Got these 3 messages captured:

{"topic":"EOM","qos":0,"retain":false,"_msgid":"197602a9879c5432","type":"EOM","_event":"node:6cb87e96588abaed","origPayload":"GPS comms FAILURE","settings":{"input":"2022-04-12T02:06:12.585Z","input_format":"","input_tz":"Australia/Sydney","output_format":"YYYY-MM-DD HH:mm:ss","output_locale":"en_AU","output_tz":"Australia/Sydney"},"time":"2022-04-12 12:06:12","payload":"GPS comms FAILURE"}
{"topic":"EOM","qos":0,"retain":false,"_msgid":"b3f05b922a4ab30e","type":"EOM","_event":"node:6cb87e96588abaed","origPayload":"GPS comms FAILURE","settings":{"input":"2022-04-12T04:46:37.164Z","input_format":"","input_tz":"Australia/Sydney","output_format":"YYYY-MM-DD HH:mm:ss","output_locale":"en_AU","output_tz":"Australia/Sydney"},"time":"2022-04-12 14:46:37","payload":"GPS comms FAILURE"}
{"topic":"EOM","qos":0,"retain":false,"_msgid":"f9ca9ba43f8888a7","type":"EOM","_event":"node:6cb87e96588abaed","origPayload":"GPS comms FAILURE","settings":{"input":"2022-04-12T12:34:30.923Z","input_format":"","input_tz":"Australia/Sydney","output_format":"YYYY-MM-DD HH:mm:ss","output_locale":"en_AU","output_tz":"Australia/Sydney"},"time":"2022-04-12 22:34:30","payload":"GPS comms FAILURE"}

So the EOM message are being detected. (Comms failure) but I am not seeing when it is re-established.

:confused:

I'll power cycle the unit and see what is shown.

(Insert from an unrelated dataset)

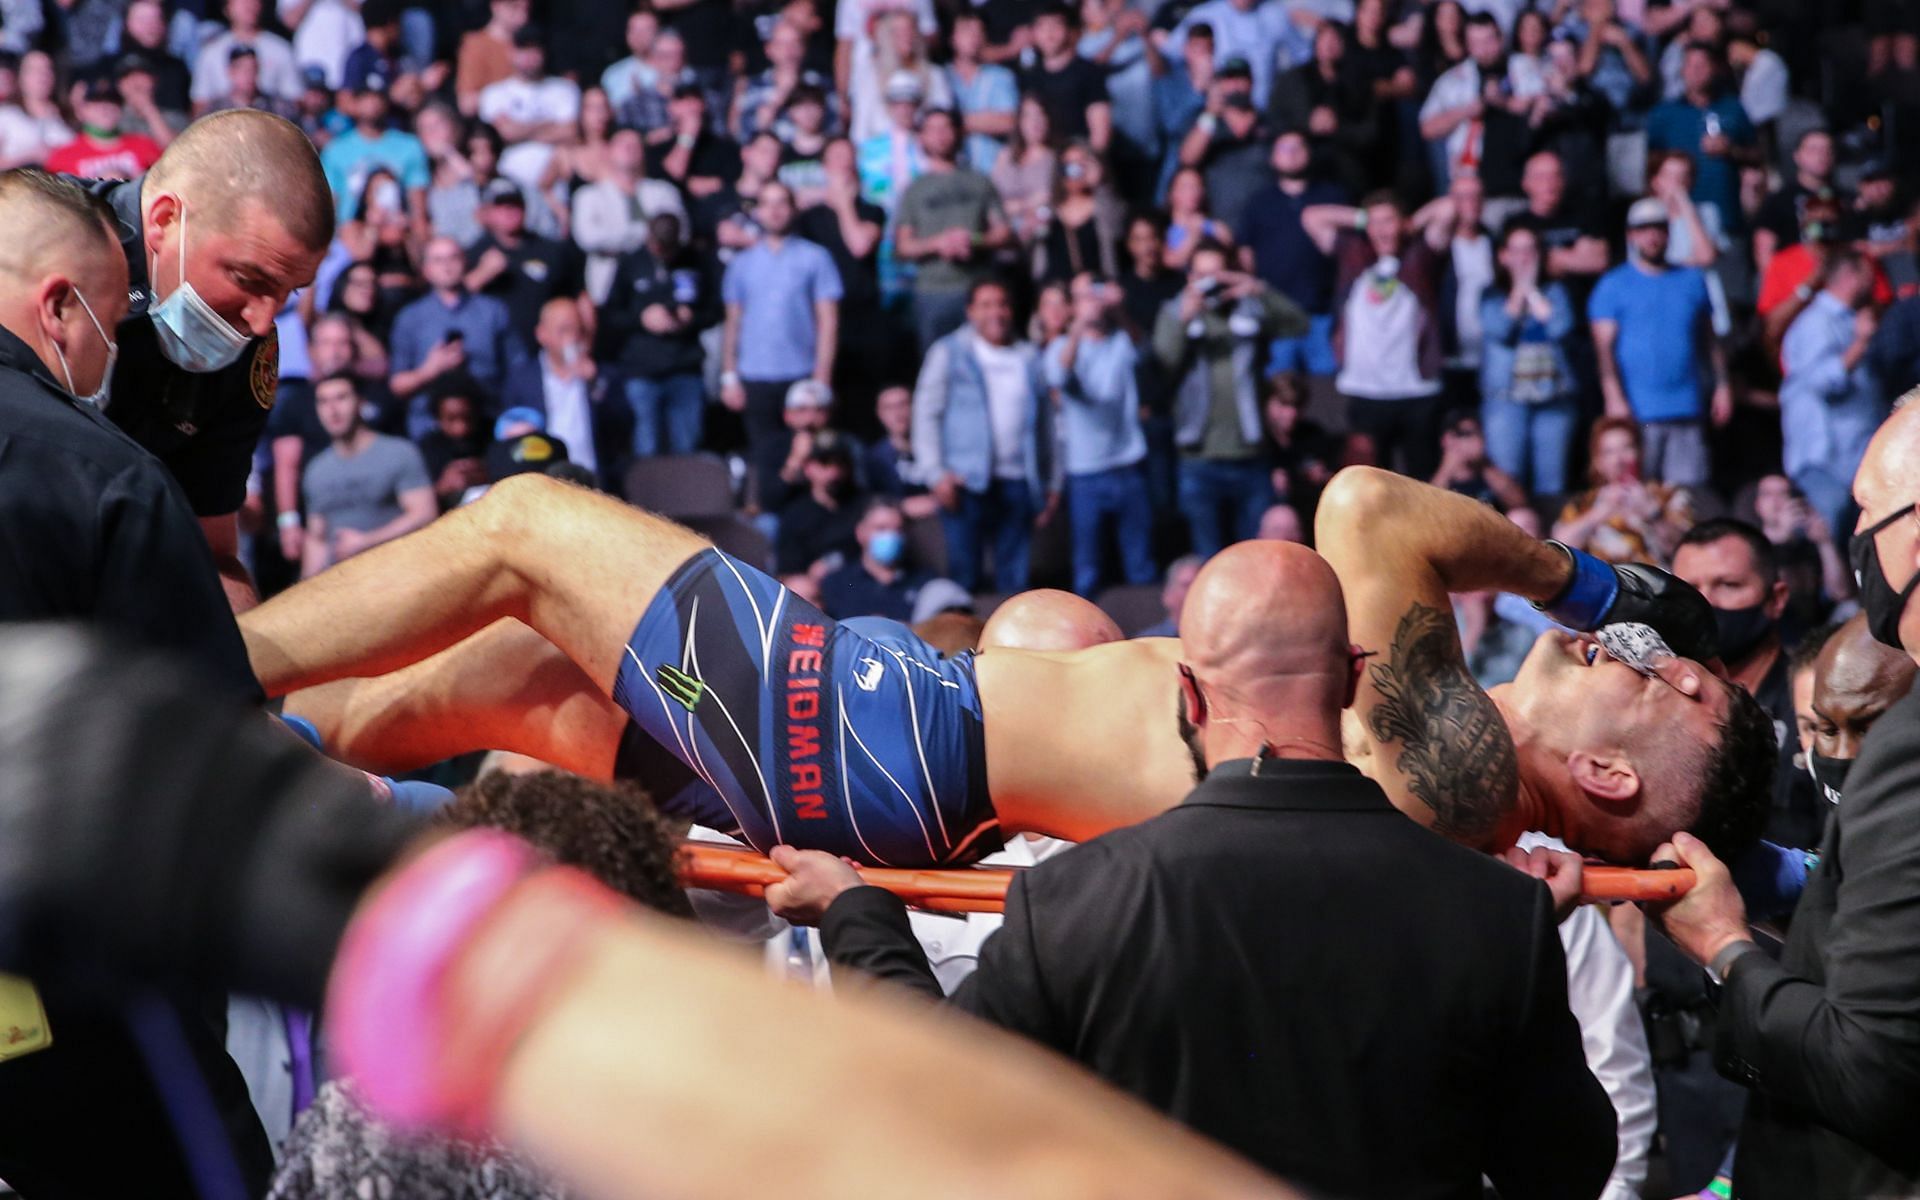 Chris Weidman was stretchered out and swiftly transported to a hospital after his horrific leg injury [Image courtesy: Getty Images]

Ok, curiouser and curiouser. Unplugged power, waited a while, plugged back in.

ONLY got the comms failure message. No Comms up message.

Time to check the Arduino code.

Can you check the Broker with MQTT explorer to ensure that the LWT messages are set correctly ? (or what they are at the moment

Craig

Seems I goofed.

I didn't set a Birth Certificate in the arduino's code.
So it was sending a LWT (of reasons still unknown) but when it reconnected it wasn't sending a Birth certificate because I hadn't written that part of the code.

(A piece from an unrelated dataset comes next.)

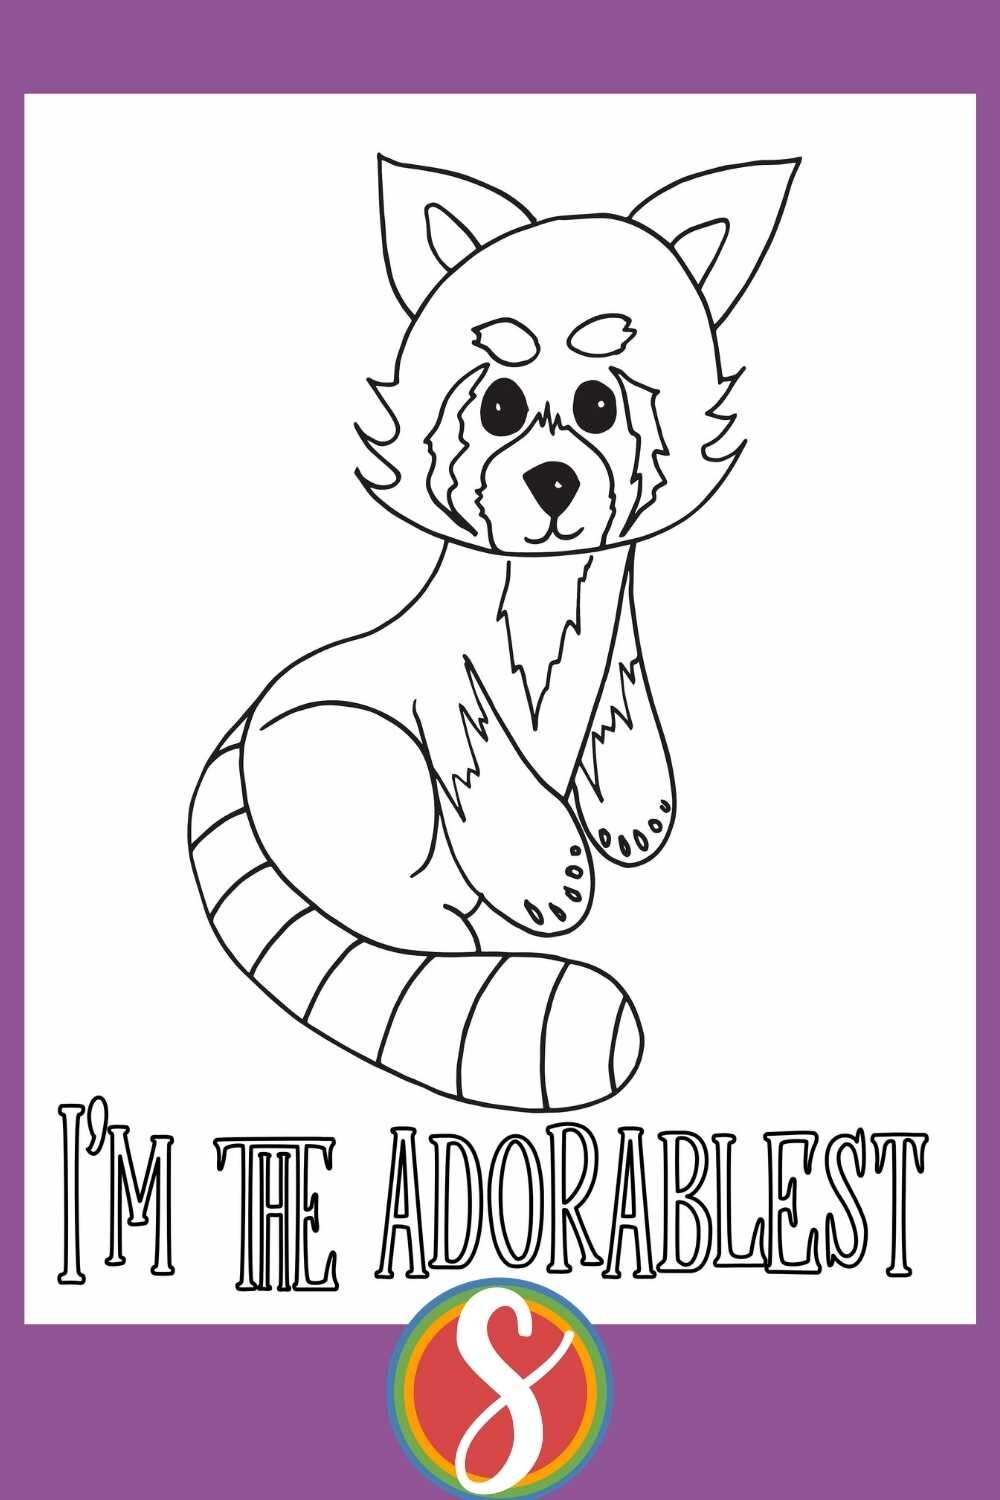 Free printable red panda coloring pages from Stevie Doodles - 4 free sheets with red pandas to print and color

Now that part is working, I need to see if/when it drops out/off again and if I get the correct signal that it has come back to life.

(Sorry)

For the sake of not leaving this as open and I admit I didn't add the birth certificate in the arduino code, it is probably a mistake from something I did/not do.

Until I have a better understanding of what it is, I'd better close this and ask again when I know more about the problem.

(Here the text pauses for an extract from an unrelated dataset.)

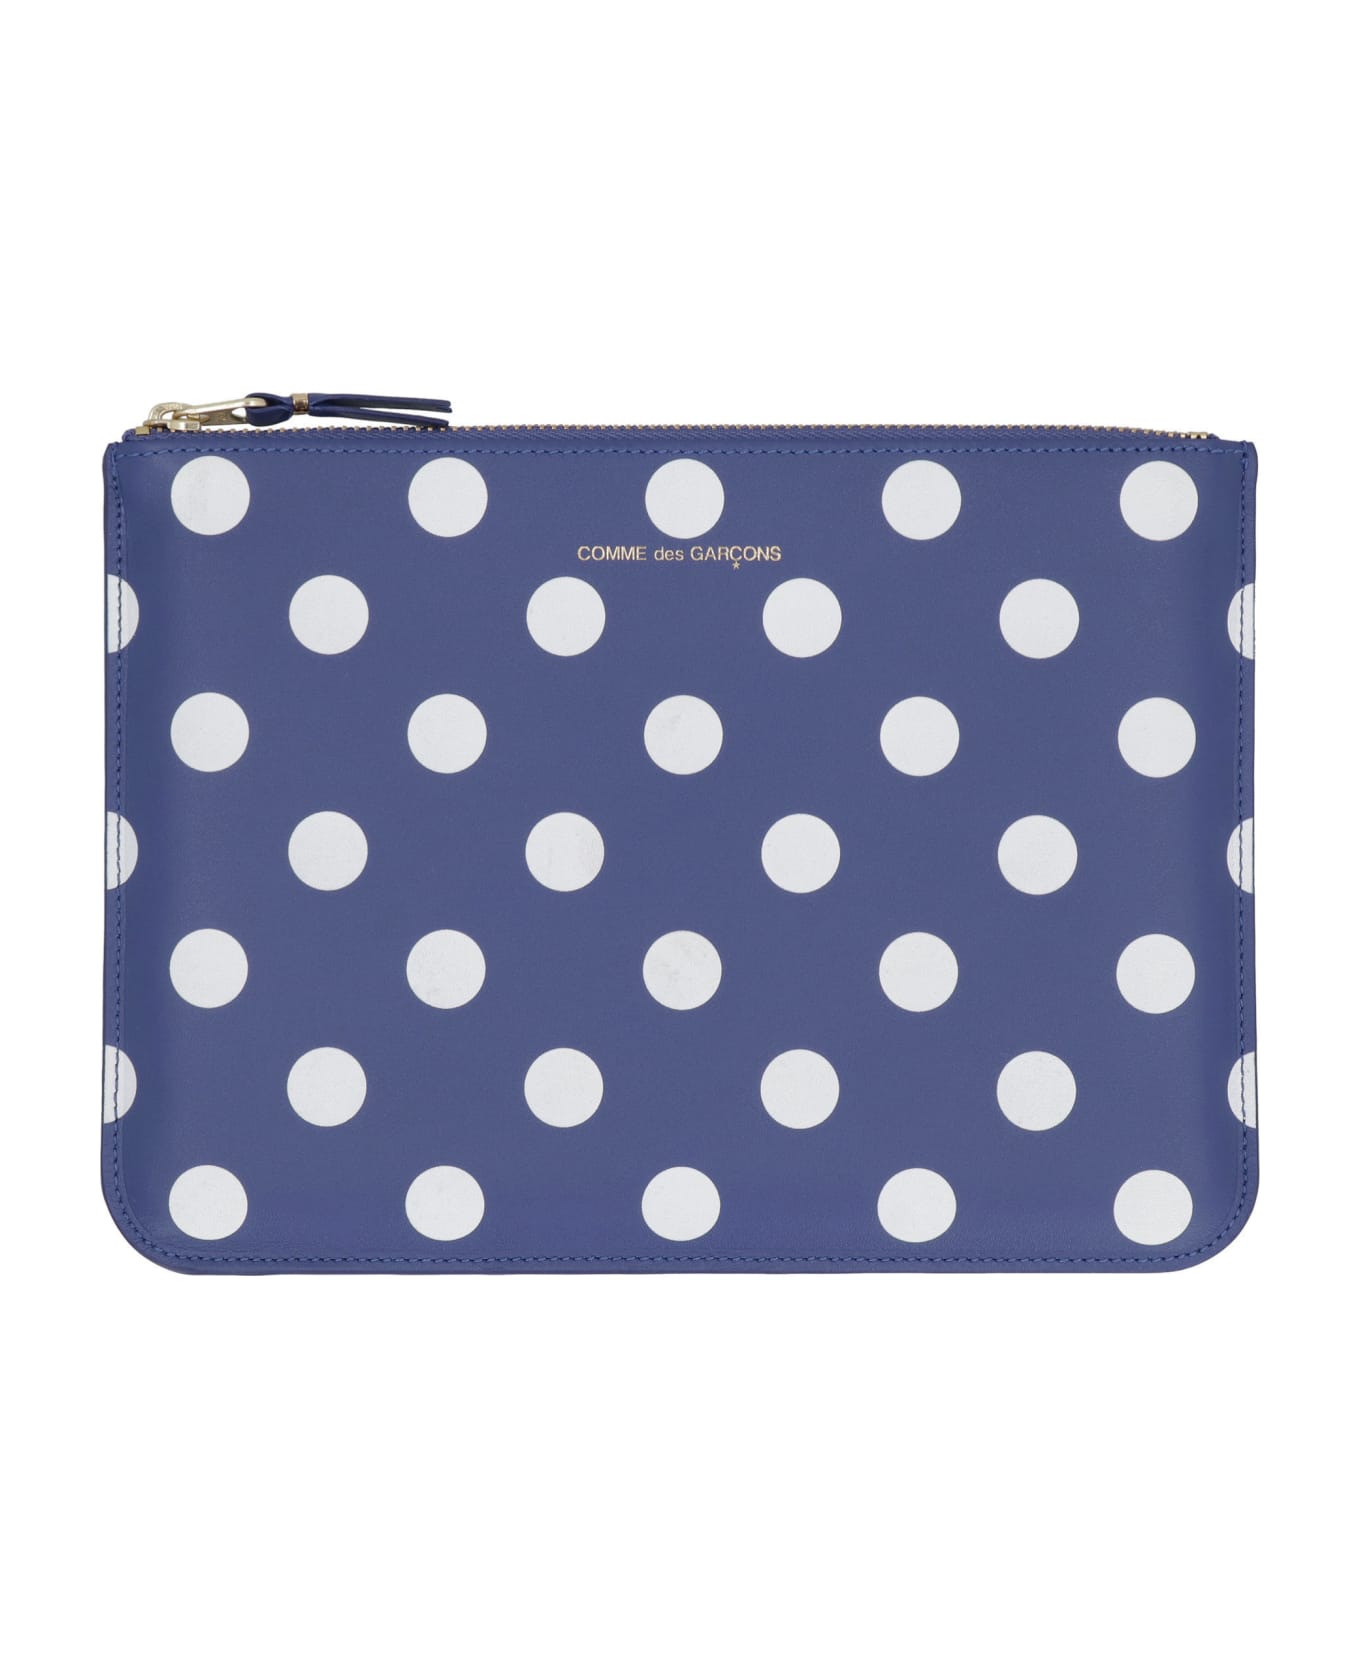 Comme des Garçons Wallet Printed Leather Flat Pouch - blue クラッチバッグ

Always remember that the device doesn't send a LWT when a disconnection occurs.

The broker notices that it hasn't received any messages (or an MQTT ping request) from the client within the keepalive time (usually 60 secs unless specified) and then it publishes the LWT on the topic specified.

I think you have not quite understood the messages.

I was seeing the LWT and was confused why I wasn't seeing the BS.

I forgot that I hadn't written the code in the Arduino to send it. So it couldn't be sent.

Now I have done that, I am seeing the BS.

This topic was automatically closed 14 days after the last reply. New replies are no longer allowed.